MacSyFinder implementation overview

MacSyFinder is implemented with an object-oriented architecture. The objects are described in the current API documentation. An overview of the main classes used to model the systems to be detected is provided below.

digraph system_overview {
"System" -> "Gene" -> "Homolog";
"Gene" -> "System";
"Homolog" -> "Gene";
"Gene" -> "Analog";
"Analog" -> "Gene";
"Gene" -> "Profile";
"Gene" -> "HMMReport" -> "Hit";
"Hit" -> "Gene";
"Hit" -> "System";
"Profile" -> "HMMReport";
}

The “System” class models the systems to detect and contains a list of instances of the “Gene” class, which models each component of a given System. The “Homolog” and “Analog” classes encapsulate a “Gene” and model respectively relationships of homology and analogy between components.

A “Gene” represents a component from the System and refers to an instance of the “Profile” object that corresponds to an hidden Markov model protein profile (used for sequence similarity search with the Hmmer program).

The “Config” class (see the Configuration API) handles the program parameters, including Hmmer search parameters, and the set of sequences to query (represented by the “Database” object).

The “Database” stores information on the dataset, including necessary information to detect systems in both linear and circular chromosomes (see the Database API).

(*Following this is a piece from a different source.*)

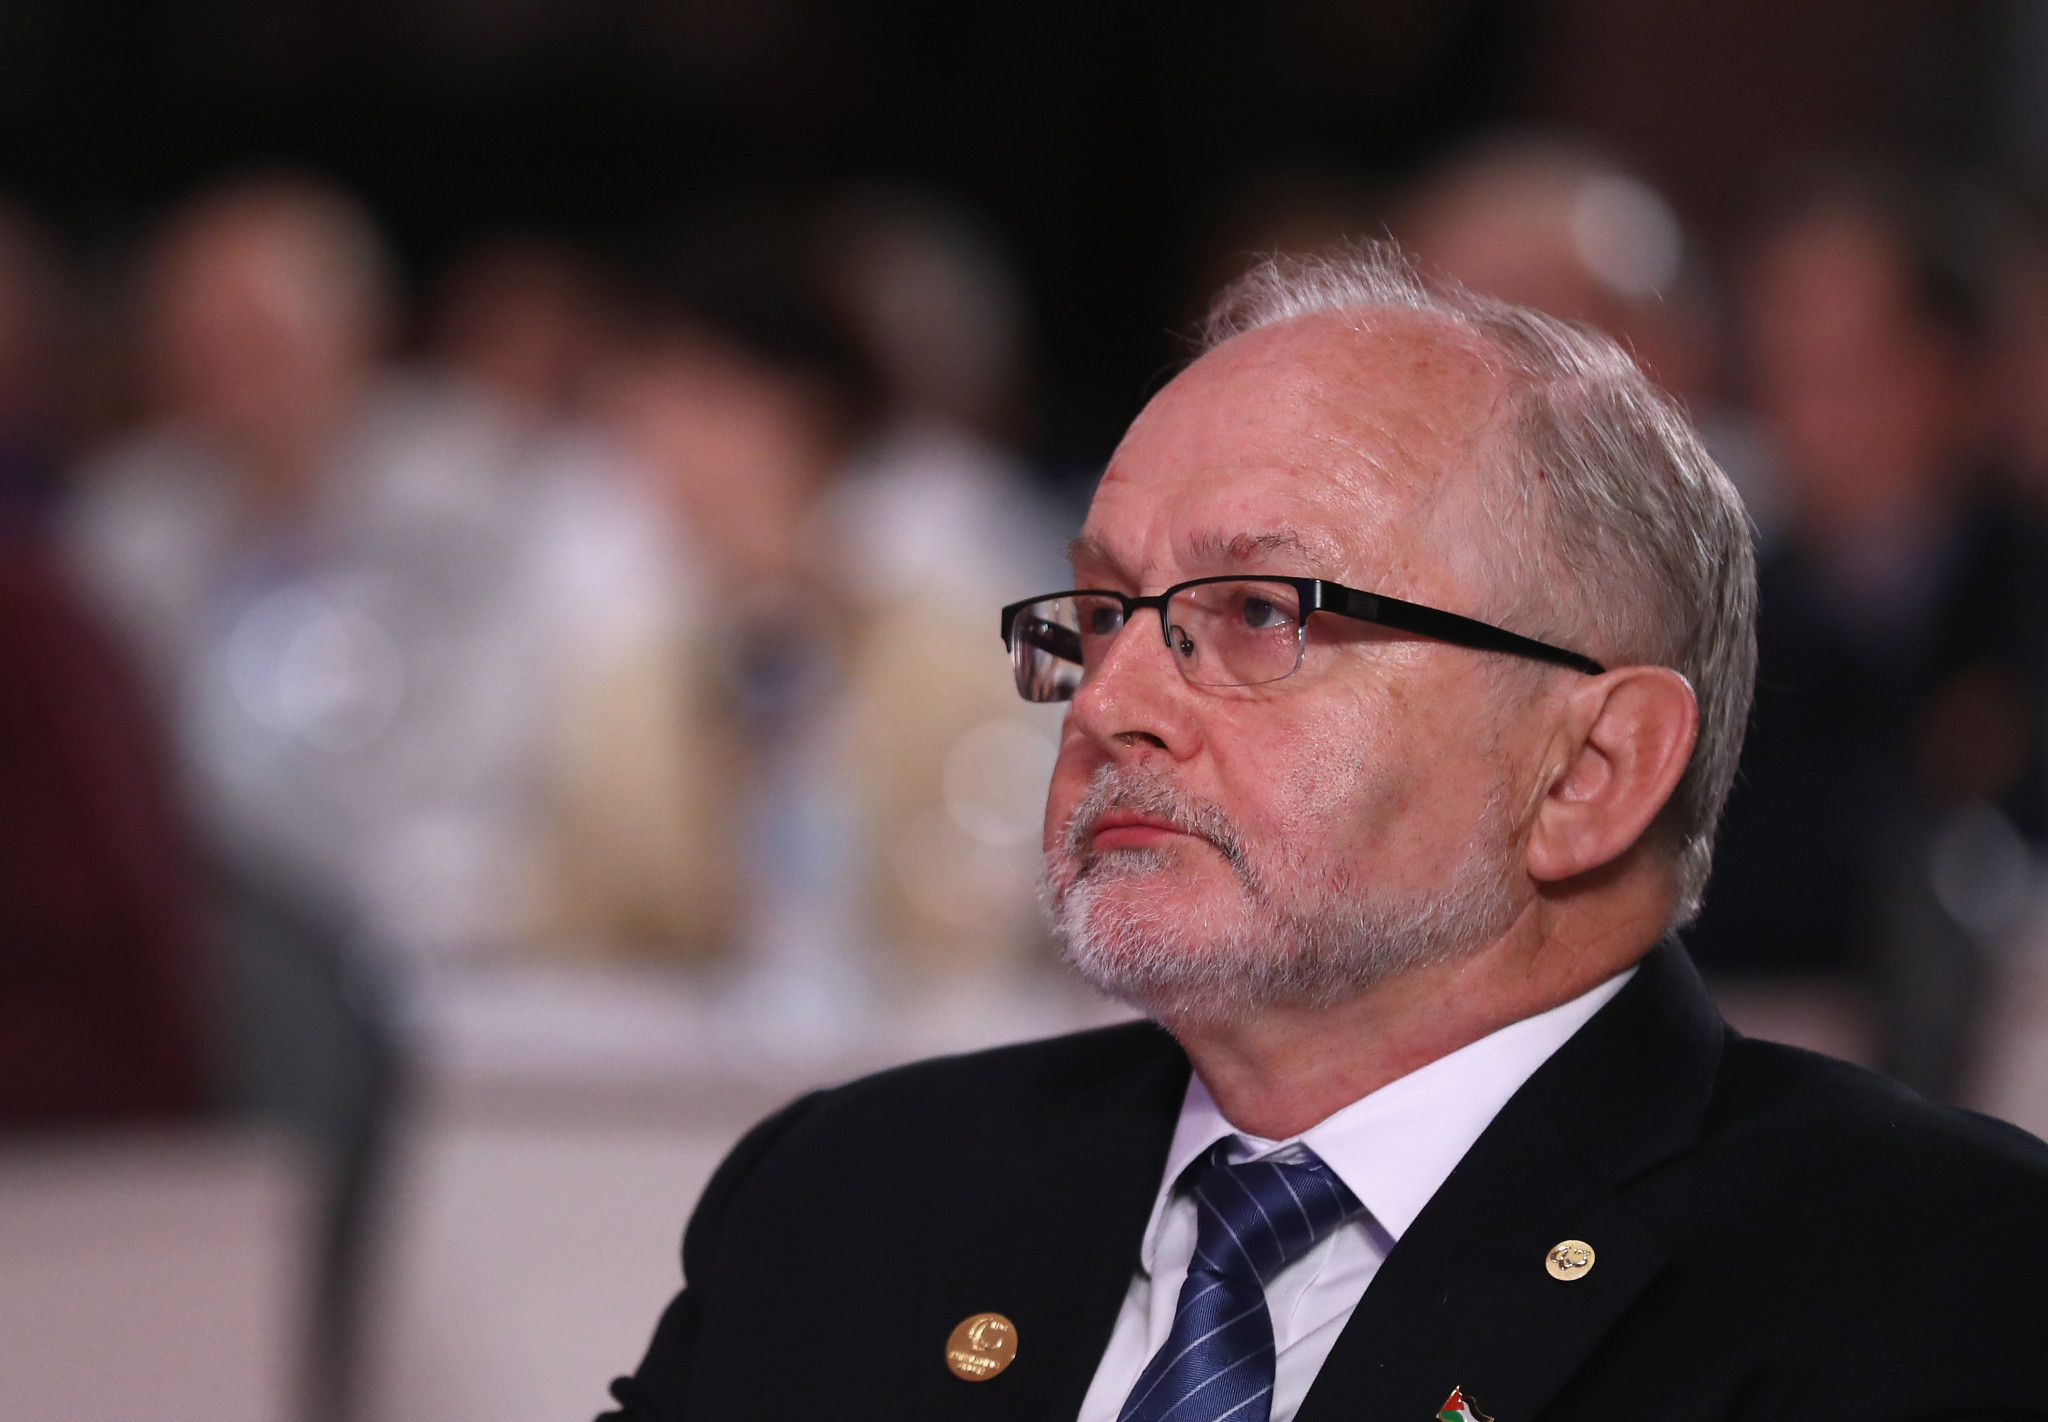 Sir Philip Craven has been removed from the list of IOC members ©Getty Images

A set of parsers and object factories are used to fill the objects from command-line and input files (i.e. the optional configuration file and the XML files describing the systems), and to ensure their uniqueness and integrity.

Once these objects are initialized and the detection is launched, Hmmer is executed on the sequences of the database (optionally in parallel) with a unique list of profiles corresponding to the systems to detect. Subsequently, Hmmer output files are parsed, and selected hits (given the search parameters provided) are used to fill “Hits” objects, which contain information for the detection of the systems.

During the treatment of the “Hits” for “Systems” detection, the occurrences of the systems (“SystemOccurence” objects) are filled, and the decision rules associated with the systems (quorum and co-localization in the case of an “ordered” dataset) are applied. See the following sections for more details on above objects.

The System object

The System object represents a macromolecular system to detect. It is defined via a definition file in XML stored in a dedicated location that can be specified via the configuration file, or the command-line (-d parameter). See The XML hierarchy for more details on the XML grammar.

An object SystemParser is used to build a system object from its XML definition file.

A system is named after the file name of its XML definition. A system has an attribute inter_gene_max_space which is an integer, and three kind of components are listed in function of their presence in the system:

  • The genes that must be present in the genome to define this system (“mandatory”).
  • The genes that can be present, but do not have to be found in every case (“accessory”).
  • The genes that must not be present in the system (“forbidden”).

Note

a complete description of macromolecular systems modelling is available in the section Macromolecular systems definition

The Gene object

The Gene object represents genes encoding the protein components of a System. Each Gene points out its System of origin (macsypy.system.System). A Gene must have a correponding HMM protein profile. These profiles are represented by Profile objects (macsypy.gene.Profile), and must be named after the gene name. For instance, the gene gspD will correspond to the “gspD.hmm” profile file. See The Profile object). A Gene has several properties described in the Gene API.

A Gene may have Homologs or Analogs. An “Homolog” (resp. “Analog”) object encapsulates a Gene and has a reference to the Gene it is homolog (resp. “analog”) to. See the Homolog API and Analog API for more details.

Warning

To optimize computation and to avoid concurrency problems when we search several systems, each gene must be instanciated only once, and stored in a “gene_bank”. gene_bank is a macsypy.gene.GeneBank object. The gene_bank and system_bank are filled by the system_parser (macsypy.system_parser.SystemParser)

The Profile object

Each “Gene” component corresponds to a “Profile”. The “Profile” object is used for the search of the gene with Hmmer. Thus, a “Profile” must match a HMM file, which name is based on the profile name. For instance, the gspG gene has the corresponding “gspG.hmm” profile file provided at a dedicated location.

Reporting Hmmer search results

A “HMMReport” (macsypy.report.HMMReport) object represents the results of a Hmmer program search on the input dataset with a hidden Markov model protein profile. This object has methods to extract and build “Hits” that are then analyzed for systems assessment.

It analyses Hmmer raw outputs, and applies filters on the matches (according to Hmmer options). See Hmmer results outputs for details on the resulting output files. For profile matches selected with the filtering parameters, “Hit” objects are built (see the Hit API).